Arketamine, the (R)-enantiomer of (R,S)-ketamine, shows even greater rapid and sustained antidepressant-like effects in rodent models compared to esketamine, yet the underlying mechanisms remain unclear. In this study, we used the chronic social defeat stress (CSDS) model to investigate how arketamine exerts its antidepressant-like effects. We found that activating cAMP response element-binding protein (CREB) at S133 and methyl-CpG-binding protein 2 (MeCP2) at S421 drives the transcription of brain-derived neurotrophic factor (BDNF), contributing to arketamine's antidepressant-like effects.
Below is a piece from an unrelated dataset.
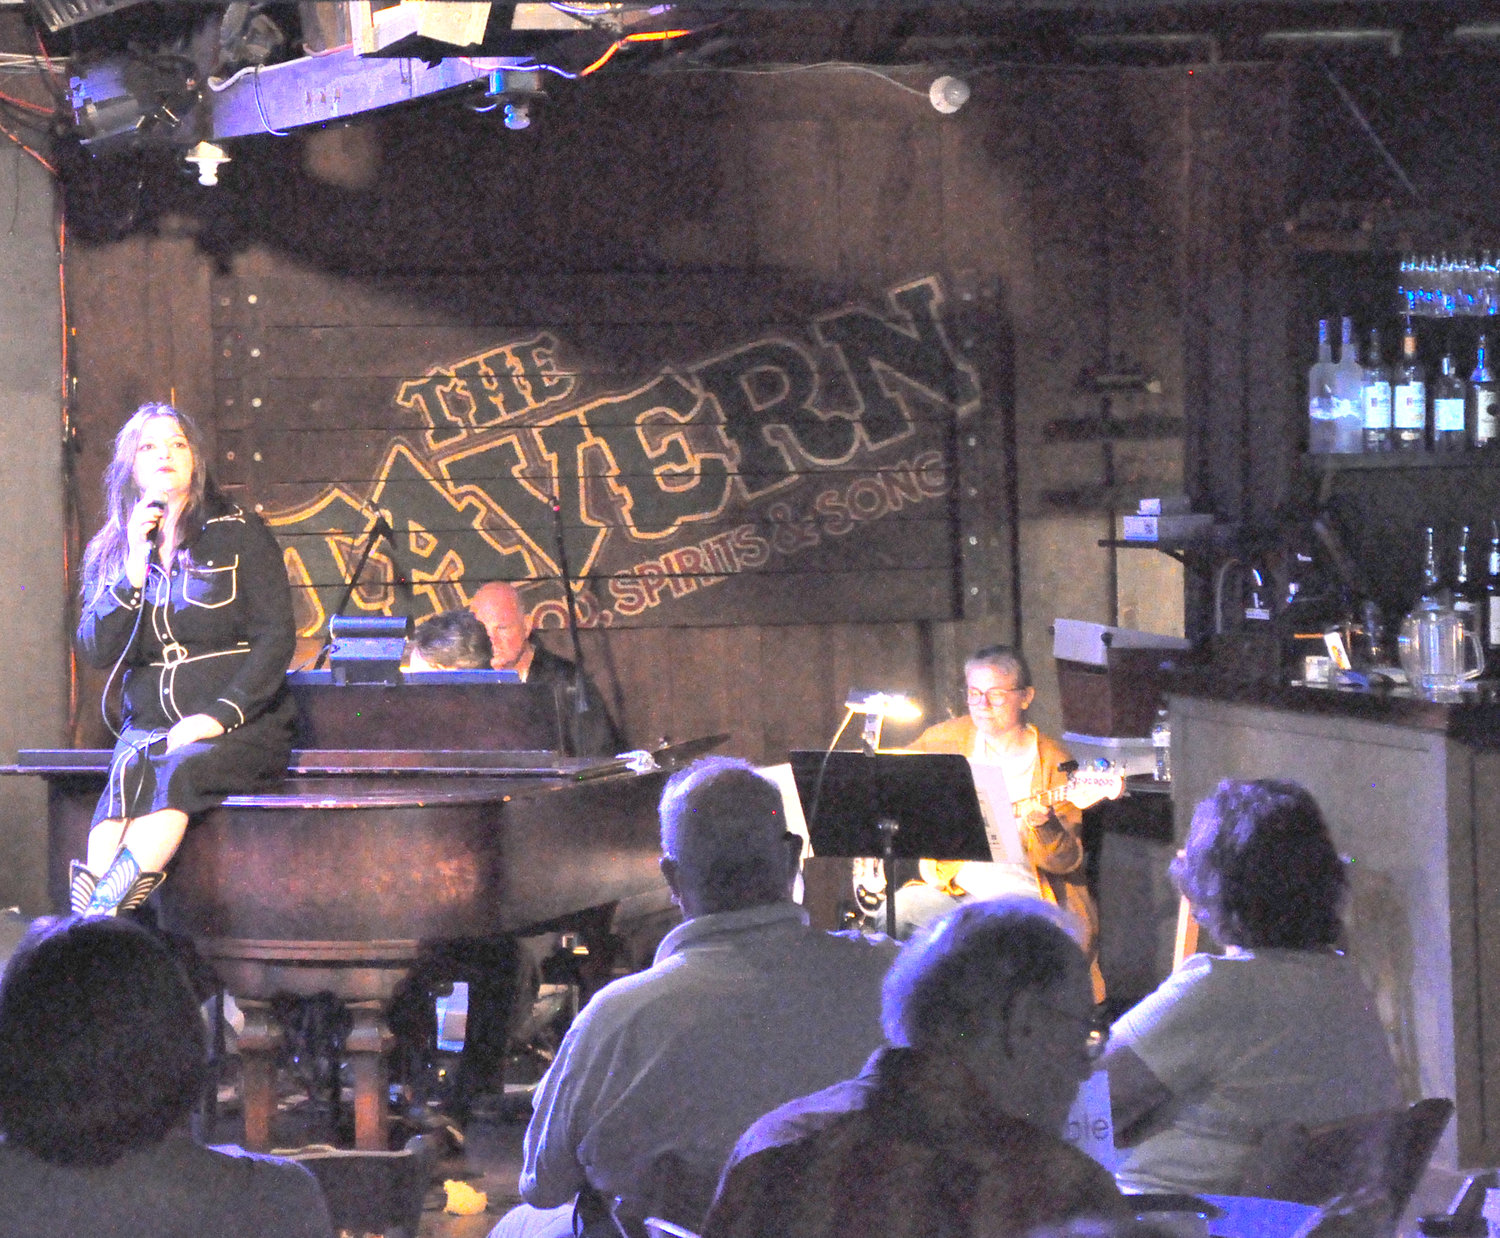 Not only is Erin Crosby's voice perfectly suited to Patsy's greatest hits, but she shared little-known tidbits about the singer’s career while performing "Crazy about Patsy Cline" to a rapt audience at the Forestburgh Tavern last week.

Furthermore, microglia-derived BDNF enhances excitatory synaptic transmission in the infralimbic (IL) region of the medial prefrontal cortex (mPFC), mediating the antidepressant-like effects of arketamine in CSDS-susceptible mice. Last, microglia-derived BDNF can activate mPFC (IL) neurons projecting to the nucleus accumbens (NAc) shell, contributing to arketamine's antidepressant-like effects. These findings highlight the essential role of microglial BDNF in modulating NAc-projecting mPFC neurons, which contribute to the antidepressant-like effects of arketamine.

Fig. 1.. Inhibition of CREB (S133) by 666-15 reduces antidepressant-like effects of arketamine.

(A) Experimental design and timeline. CSDS was applied from days 1 to 10. On day 11, social interaction test (SIT) identified CSDS-susceptible mice. On day 12, mice received i.c.v. injections of 666-15 (CREB-CBP inhibitor) or vehicle, followed immediately by intraperitoneal (ip) injection of arketamine or vehicle. Behavioral assays: LMT, FST, and 1% SPT were conducted on subsequent days. (B to D) Results of the LMT, FST, and 1% SPT. Data are presented as mean ± SEM (n = 10 to 12). *P < 0.05, **P < 0.01, and ***P < 0.001 [one-way analysis of variance (ANOVA)]. (E) ChIP assay showing CREB (S133) binding to the Bdnf exon IV promoter in mPFC of mouse samples. (F) Bdnf mRNA levels in the mPFC. Data are presented as mean ± SEM (n = 6). *P < 0.05 and **P < 0.01 by one-way ANOVA. (G) The CREB (S133), CREB, and BDNF protein levels in the mPFC. Data are presented as mean ± SEM (n = 9). *P < 0.05 and **P < 0.01 by one-way ANOVA. GAPDH, glyceraldehyde phosphate dehydrogenase; NS, not significant.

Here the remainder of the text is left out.